Data
====

Current Files
-------------

.. list-table::
   :header-rows: 1

   * - Path
     - Source
     - Purpose
   * - ``data/raw/prices.csv``
     - Commodity snapshot
     - Base LME price rows
   * - ``data/raw/news.csv``
     - Commodity snapshot
     - Curated news events
   * - ``data/processed/*.csv``
     - Generated
     - Joined price, news, and sentiment rows
   * - ``data/training/commodity_outputs/*.csv``
     - Generated
     - Per-commodity training data for single-asset bots
   * - ``data/agent_outputs/**/*.csv``
     - Generated
     - PPO evaluation outputs used by the trading bots gym

Only ``data/raw/prices.csv`` and ``data/raw/news.csv`` are required checked-in data.

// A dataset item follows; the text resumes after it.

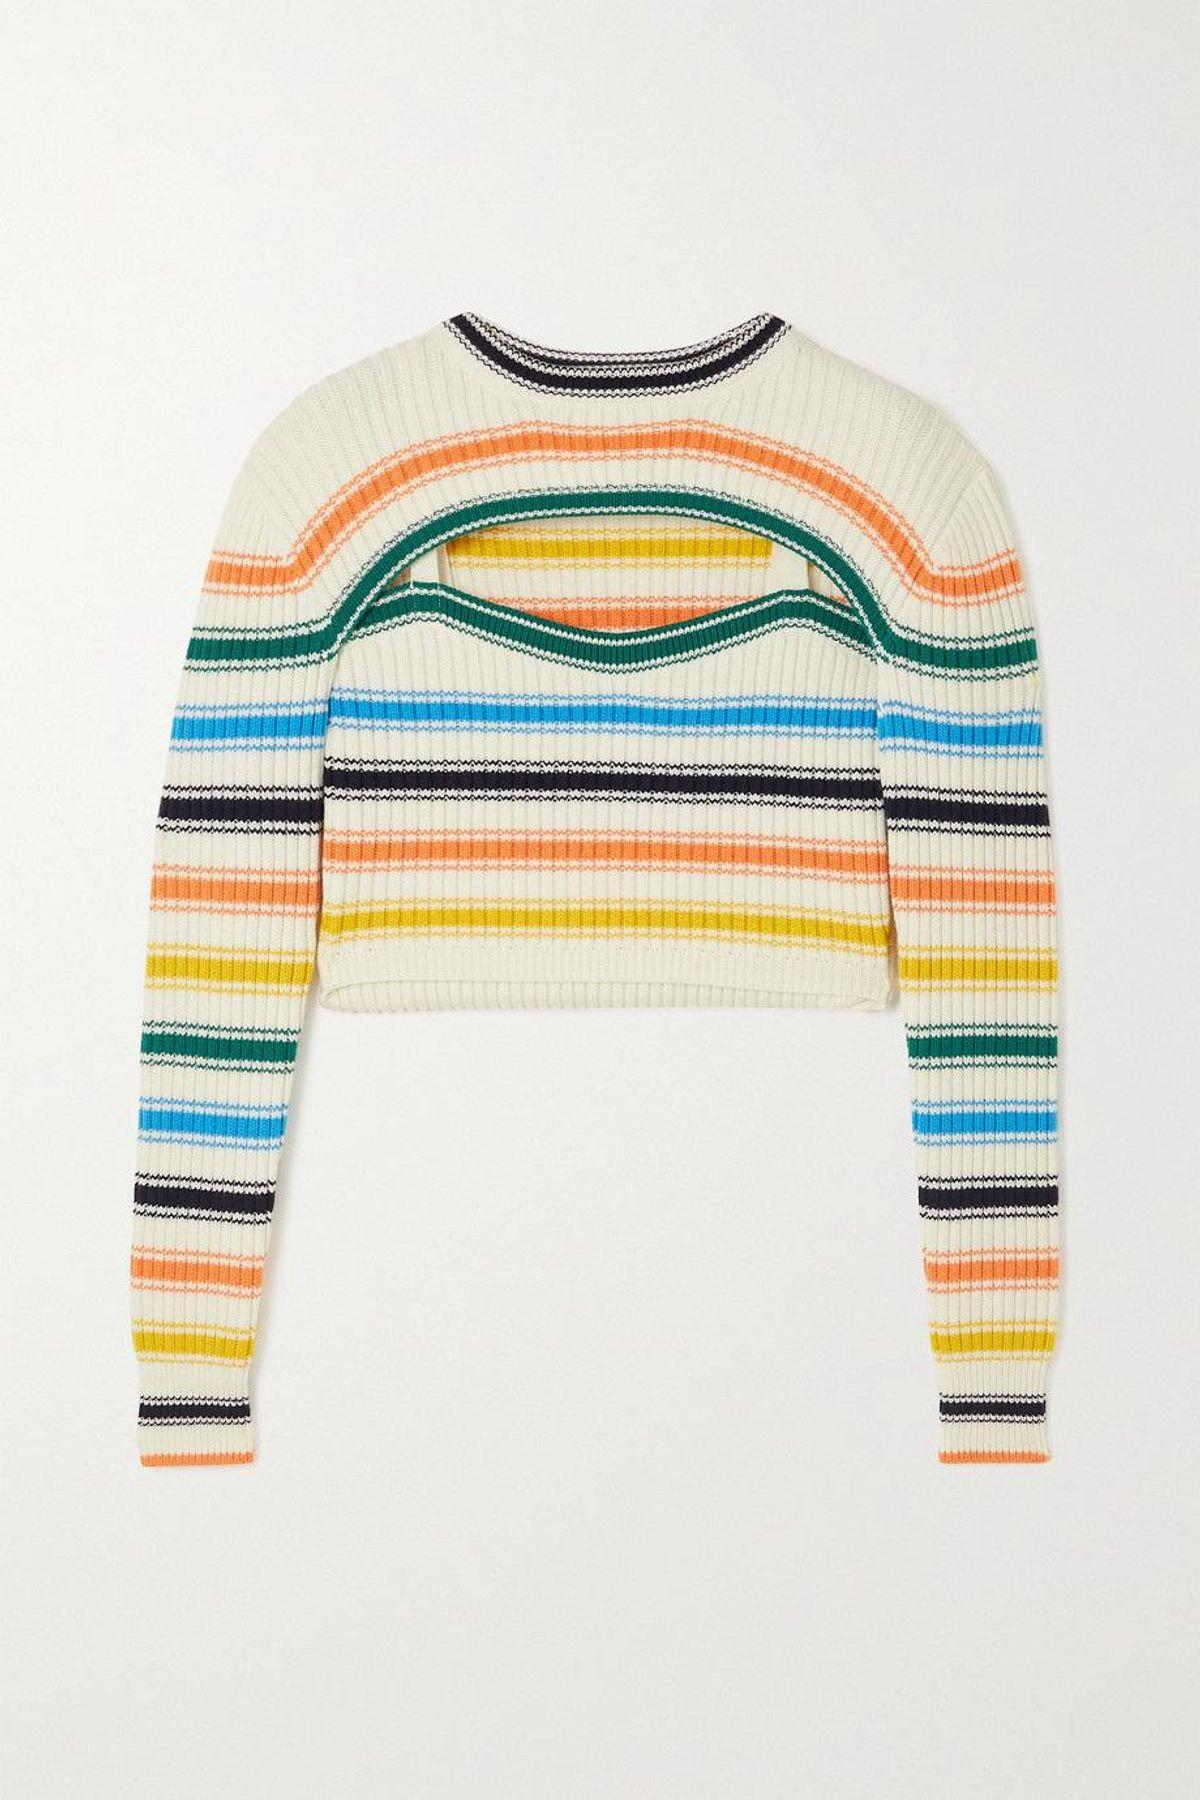 Thousand-in-One-Ways Rainbow Sweater

The other paths are generated and ignored by Git.

Primary Dashboard Schema
------------------------

``prices_with_sentiment.csv`` is the dashboard's main fact table:

.. code-block:: text

   date,commodity,price,news_ids,news_count,news_items,news_summary,negative,neutral,positive,sentiment_score,finbert_negative,finbert_neutral,finbert_positive,finbert_sentiment_score,finbert_label

``news_events.csv`` is a normalized event table generated from raw news:

.. code-block:: text

   event_id,date,event_day,title,url,impacted_commodities,summary

``impacted_commodities`` is a semicolon-separated list of canonical slugs. This preserves the real relationship that one news item can affect multiple assets.

``news_items`` stores the full list of matched news objects as JSON inside the generated CSV row. This solves the case where one price row has more than one relevant news item, while ``news_summary`` remains a compact combined text field for sentiment scoring and quick chart summaries.

The lightweight ``negative``, ``neutral``, ``positive``, and ``sentiment_score`` fields are retained for MVP compatibility and existing PPO configs. The ``finbert_*`` fields are generated with ``ProsusAI/finbert``. The pipeline scores each normalized news event once, caches those outputs in ``data/processed/finbert_event_sentiment.csv``, and averages all linked event scores onto each price row.

The loader maps commodities into canonical slugs:

* ``copper_lme``
* ``nickel_lme``
* ``aluminium_lme``

Agent Output Schema
-------------------

The dashboard normalizes single-asset and multi-asset PPO outputs into one UI shape:

.. code-block:: text

   date, commodity, action, prob_hold, prob_buy, prob_sell, entropy, net_worth, reward

For the trading bots gym layer, opacity is derived from decision confidence:

.. code-block:: text

   confidence = max(prob_hold, prob_buy, prob_sell)

Lower opacity means the agent was more uncertain.

The agent-output loader discovers files rather than relying on a fixed split count. Supported filename patterns are:

.. code-block:: text

   data/agent_outputs/single_asset_ppo/evaluation_<commodity>_split_<n>.csv
   data/agent_outputs/single_asset_ppo/full_dataset_predictions_<commodity>_split_<n>.csv
   data/agent_outputs/multiple_asset_ppo/evaluation_split_<n>_multi_asset_<mode>.csv
   data/agent_outputs/multiple_asset_ppo/evaluation_full_dataset_split_<n>_multi_asset_<mode>.csv

Full-dataset diagnostic outputs include a ``phase`` column. The trading bots gym plots the full series and uses that field to draw the vertical transition from training history to test period.

Refresh Rule
------------

Keep raw data snapshots in ``data/raw/``. Generate processed visualization data and bot training data with:

.. code-block:: bash

   npm run preprocess

Keep transformation logic in ``agentic_trading/preprocessing.py``, ``src/lib/data``, and ``src/lib/analytics``. Avoid embedding data assumptions directly inside React components.